The data:
- - -

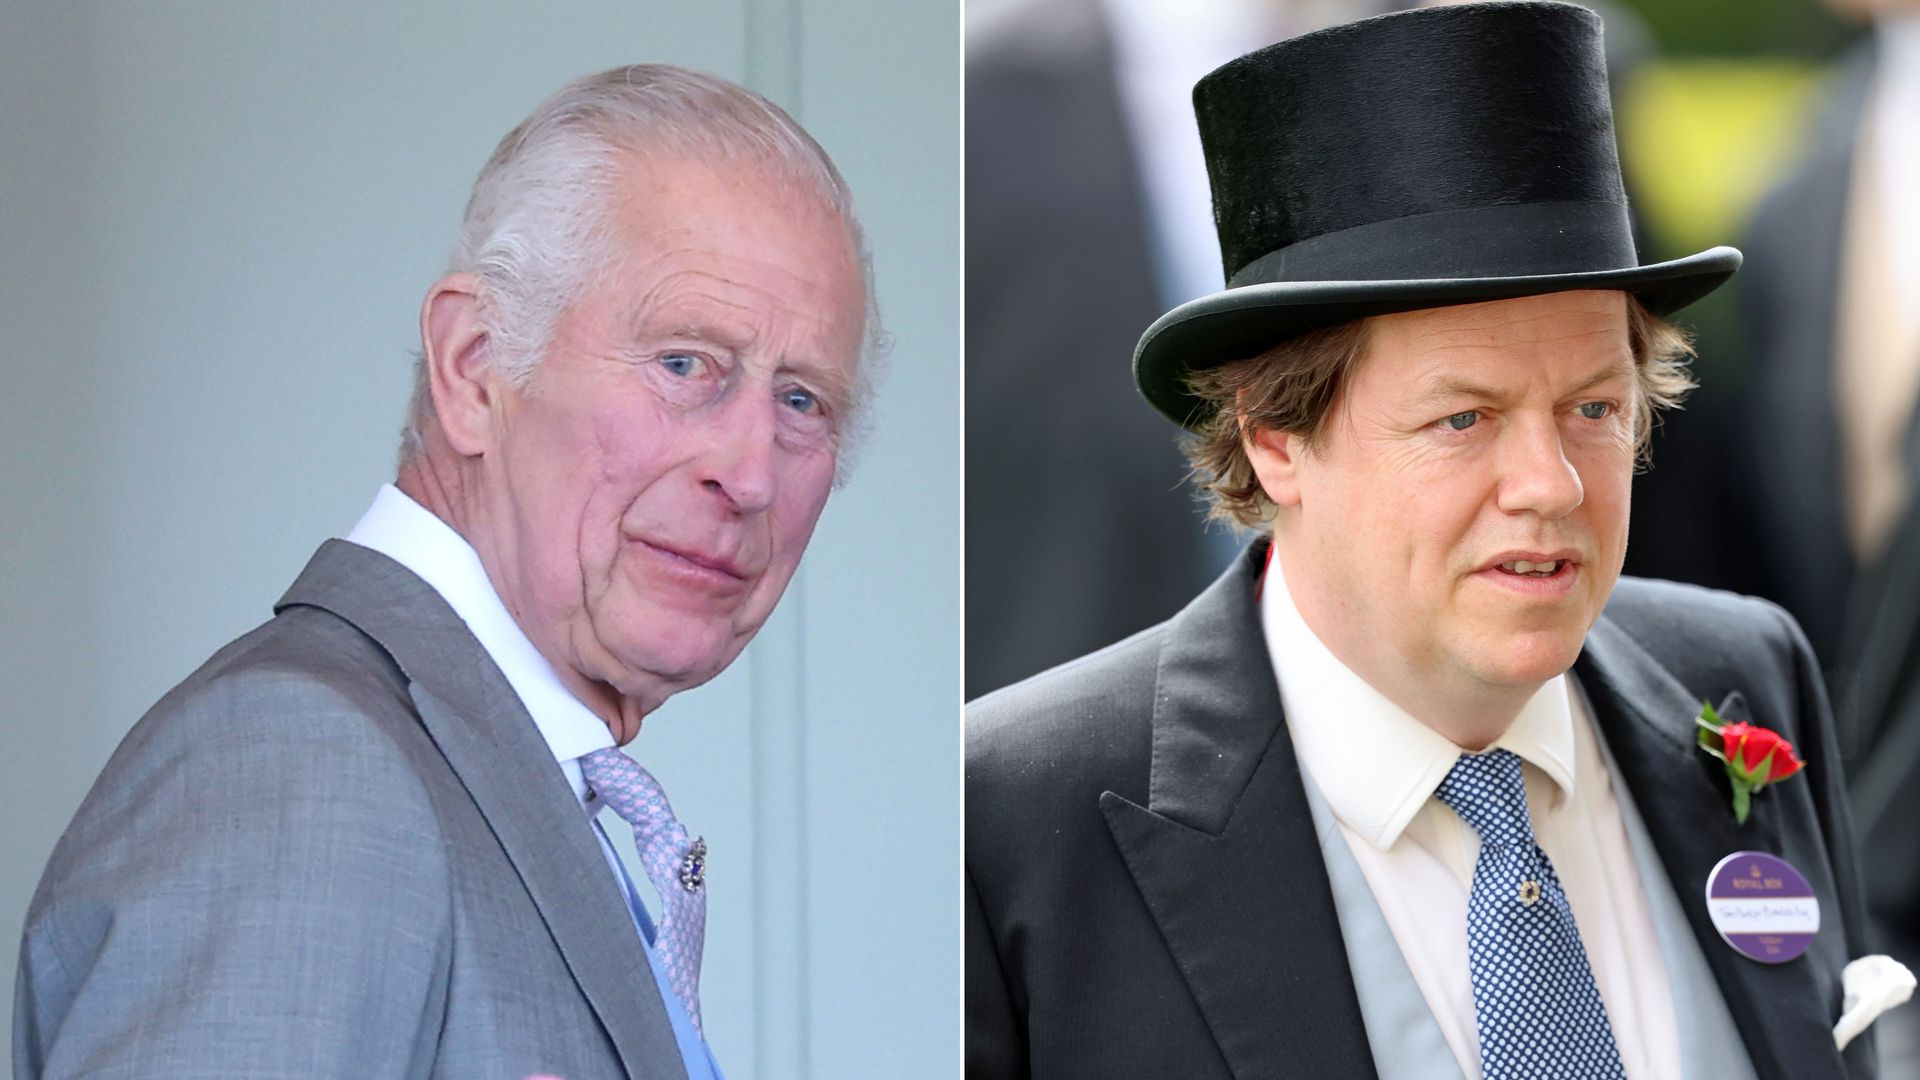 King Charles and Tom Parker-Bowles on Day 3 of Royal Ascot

- - -

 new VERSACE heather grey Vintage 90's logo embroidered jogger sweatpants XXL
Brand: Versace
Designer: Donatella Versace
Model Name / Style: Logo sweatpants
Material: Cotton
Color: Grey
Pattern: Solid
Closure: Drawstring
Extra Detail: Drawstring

- - -

What you have to do: Your answer should be a single number: how many lines in the data above include "Drawstring"?

Exercise answer: 2